The invention discloses an artemisinin-piperazine derivative, a preparation method thereof and application of the derivative in preparation of anti-liver cancer drugs. The method takes triethylamine as an acid-binding agent, prepares the artemisinin-piperazine derivative by a one-pot method, and has the advantages of mild reaction conditions, simple and convenient operation and better yield. In addition, the prepared derivative has obvious in-vitro inhibition effect on human liver cancer SMMC-7721 cells, and the inhibition effect is equivalent to that of a first-line anti-liver cancer clinical chemotherapeutic medicament vincristine. The invention provides a feasible strategy for the application of the artemisinin-piperazine derivative in the preparation of anti-liver cancer drugs.

Description

Artemisinin-piperazine derivatives, preparation method thereof and application thereof in preparation of anti-liver cancer drugs
Technical Field
The invention relates to an artemisinin-piperazine derivative, a preparation method thereof and application thereof in preparing anti-liver cancer drugs.
Background
Artemisinin has good antimalarial activity, but its antitumor activity is less studied. Although artemisinin and its derivatives are clinically used for many years, the application of artemisinin is still limited due to the defects of poor oil solubility and water solubility, poor thermal stability, easy decomposition caused by the influence of moisture, heat and reducing substances, high clinical recurrence rate and the like. Therefore, it is a significant work to design and prepare a series of novel artemisinin derivatives by a chemical modification method and examine the antitumor activity of the artemisinin derivatives.
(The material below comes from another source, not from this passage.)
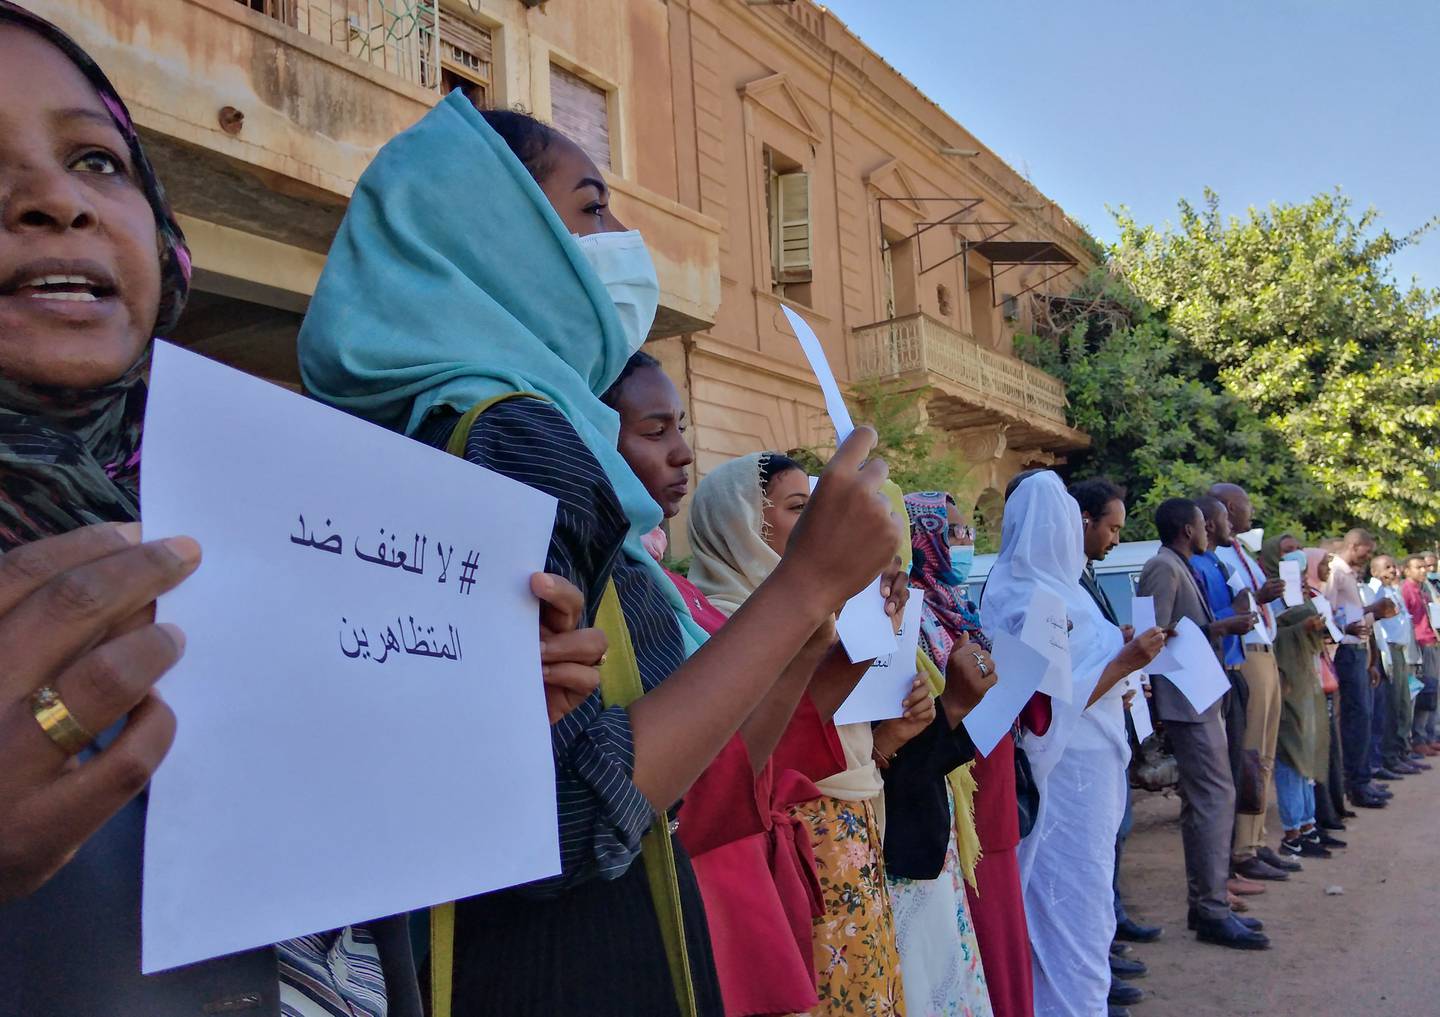 Sudanese lawyers brandish signs demanding accountability for perpetrators of violence against protesters, in the capital Khartoum. AFP

Piperazine can improve the biological activity of the drug by forming a plurality of hydrogen bonds or ionic bonds, can also adjust the solubility and acid-base balance of the drug, promotes the pharmacokinetics of the drug, and has obvious effect on the aspect of tumor resistance. Therefore, it is often introduced into drug molecules as a kind of potentiating group.
The dithiocarbamate compounds are important sulfur-containing compounds with unique structures and properties, and occupy important positions in the synthesis of medicaments. It has wide bioactivity, such as antibacterial, antiviral, antioxidant, and chronic alcoholism and heavy metal poisoning. In recent years, more and more researches show that the dithiocarbamates have better tumor prevention and anti-tumor activity, and attract the research interest of scholars at home and abroad.
The artemisinin-piperazine derivative prepared by using piperazine as a connector and introducing an amino dithioformate structure into an artemisinin molecule under mild conditions has an obvious inhibition effect on the growth of human liver cancer cells (SMMC-7721), so that the artemisinin-piperazine derivative has a very promising prospect as a potential anti-liver cancer drug.
Disclosure of Invention
In view of the above, the present invention aims to provide a class of artemisinin-piperazine derivatives. The derivatives have simple preparation method and high anti-liver cancer activity.
The invention also aims to provide a preparation method of the artemisinin-piperazine derivative.
The invention also aims to provide the application of the artemisinin-piperazine derivatives in the aspect of resisting liver cancer.
The purpose of the invention is realized by the following technical scheme:
an artemisinin-piperazine derivative is characterized by the following general formula:
Figure BDA0001457330180000021
wherein R is:
Figure BDA0001457330180000022
the preparation method of the artemisinin-piperazine derivative comprises the following steps:
dissolving artemisinin-piperazine and carbon disulfide in an amount which is four times that of artemisinin-piperazine in acetonitrile, adding triethylamine in an amount which is ten times that of artemisinin-piperazine, stirring at room temperature for 10min, adding a halide acetonitrile solution in an amount which is twice that of artemisinin-piperazine, gradually raising the temperature to 60 ℃, reacting for 4-12 h, tracking by TLC, developing phosphomolybdic acid, evaporating the solvent after the reaction is finished, and separating and purifying by silica gel column chromatography (PE: EA is 16: 1-6: 1) to obtain the artemisinin-piperazine derivative.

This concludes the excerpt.